Check the inner drum shaft and make sure it has not been bent. Sometimes it helps to use a square.

I've seen guys bend those shafts. It makes the inner drum set inside the outer drum off center. With the drum full of cable and the inner drum out of whack it makes it hard to turn or spool out cable. Once you pull some out it makes more room and allows it to move freely.

I've also seen guys over tighten the nose brackets or power feeds and smash or put to much stress on the inner drum bushing. This typically makes the inner drum had to turn all the time.


----------



## OpenSights (Mar 23, 2015)

PlungerJockey said:


> Pull the cable out
> Remove the drum
> Remove the snap ring in the back that holds the inner drum in place and pull it out.
> Check the inner drum shaft and make sure it has not been bent. Sometimes it helps to use a square.
> ...



My 300 did have a failure inside the drum. That might just be the issue! Thank you!
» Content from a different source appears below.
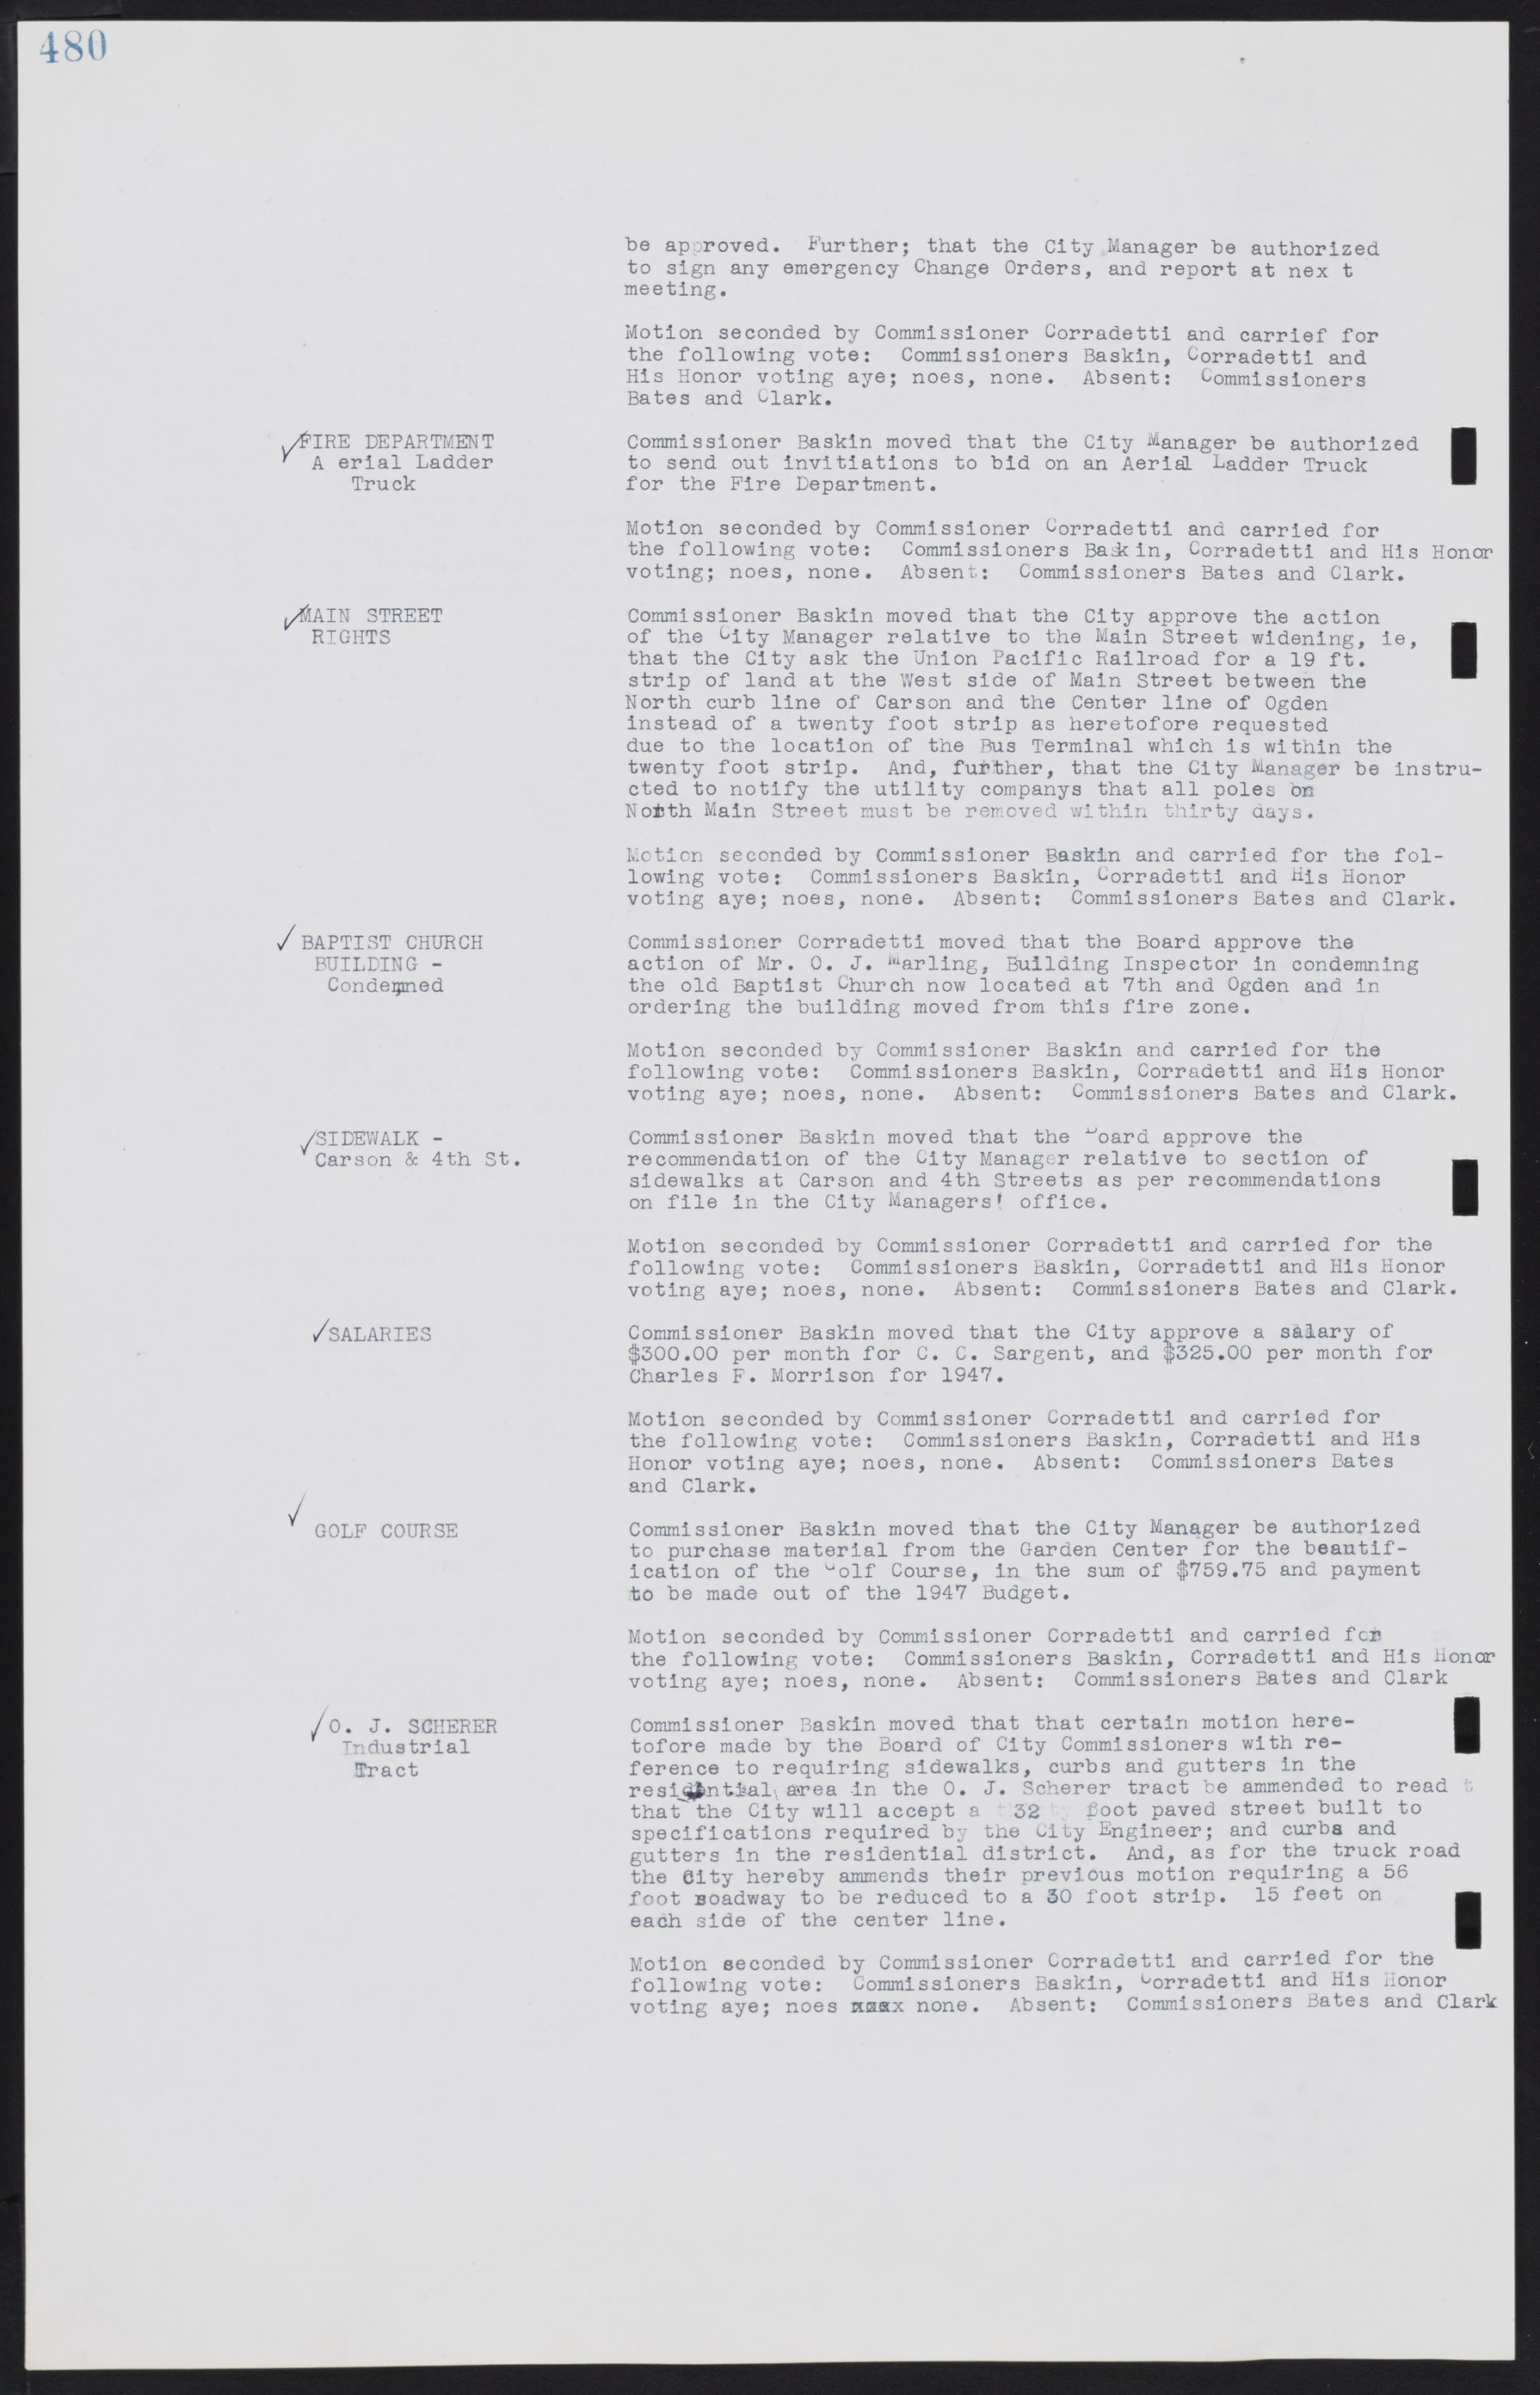 Las Vegas City Commission Minutes, August 11, 1942 to December 30, 1946, lvc000005-511
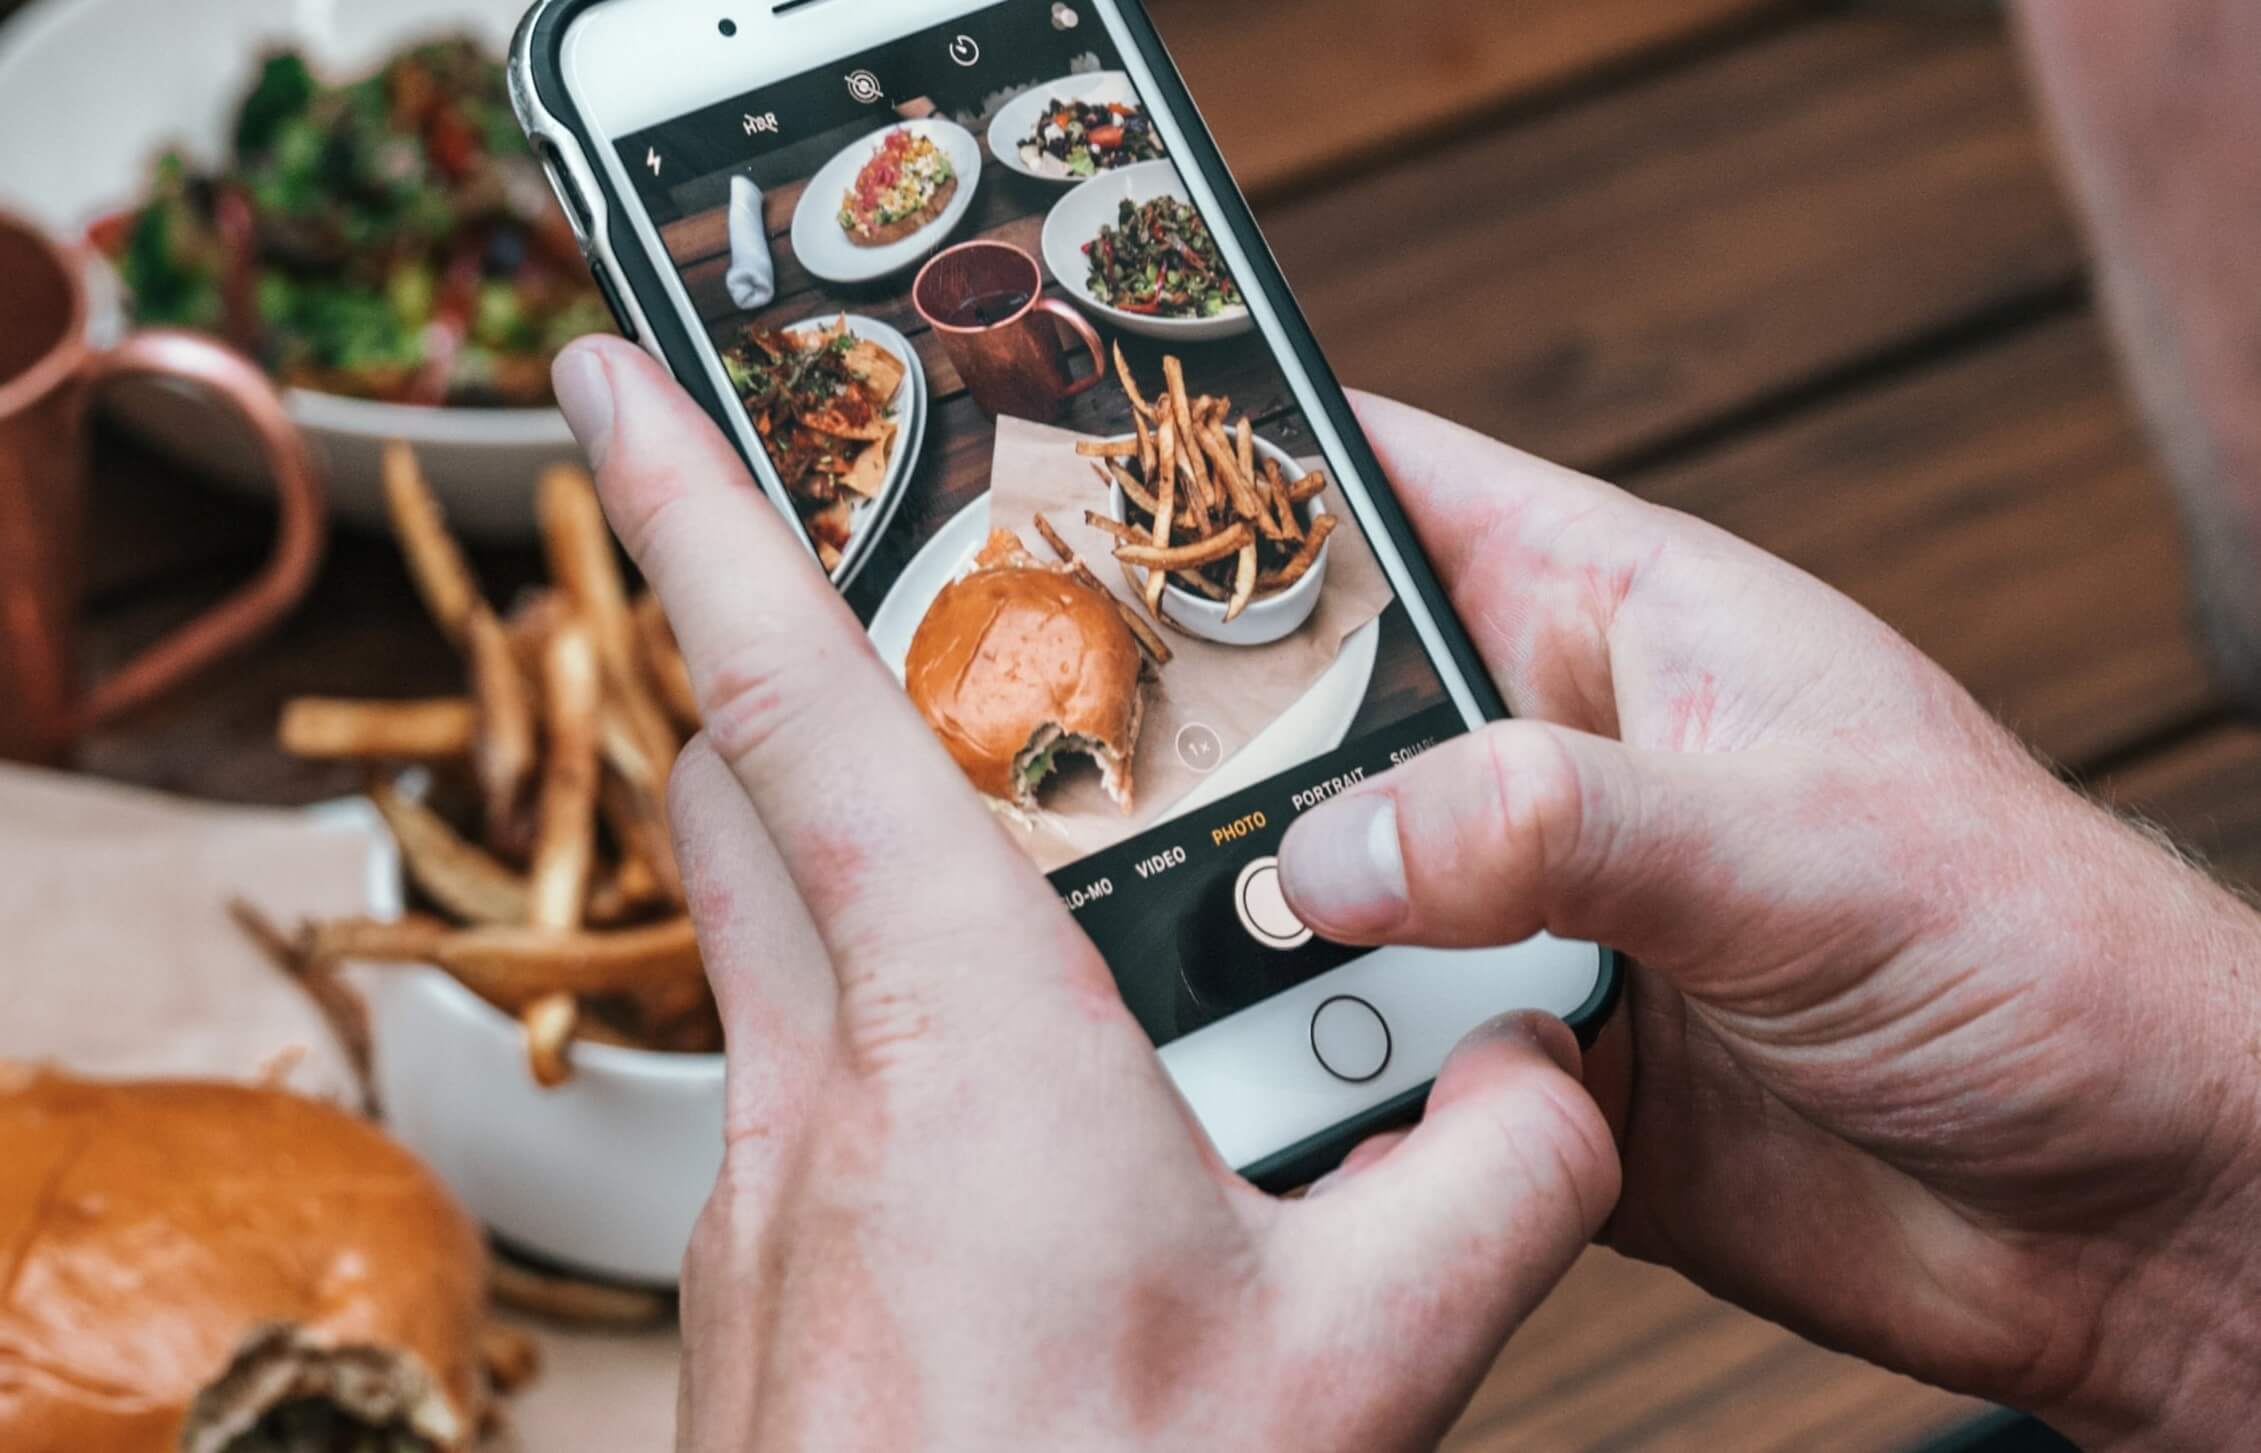 كيف يتأثر نظام تناولنا للطعام بما نراه على منصات التواصل الاجتماعي؟

I need to get it up and running tomorrow, backup plan is borrow a machine.


----------



## OpenSights (Mar 23, 2015)

dhal22 said:


> I have 3 General Speedrooters, one is 10-12 years old and never a cable problem beyond an occasional backlash. All have the original cable as well.


When I went on my own I looked into them... heavy sob’s!


----------



## The Dane (Feb 19, 2015)

OpenSights said:


> When I went on my own I looked into them... heavy sob’s!


My old boss has a general speedrooter and yes it's heavy but not as heavy as the gorlitz machine we have where I work now. 

Sent from my R1 HD using Tapatalk


----------



## dhal22 (Jul 30, 2010)

OpenSights said:


> When I went on my own I looked into them... heavy sob’s!


Seems to be a good size. There are heavier and lighter machines but the speed rooter is a great all around machine.


----------



## OpenSights (Mar 23, 2015)

I started out with a sled. Never again! 

Long day planned. Fix machine, science fair, 8th grade chili cook off fundraiser, making a 1 gallon peach moscato for mother’s day, brew a batch of stout and bottle a batch of apple blueberry cider.


----------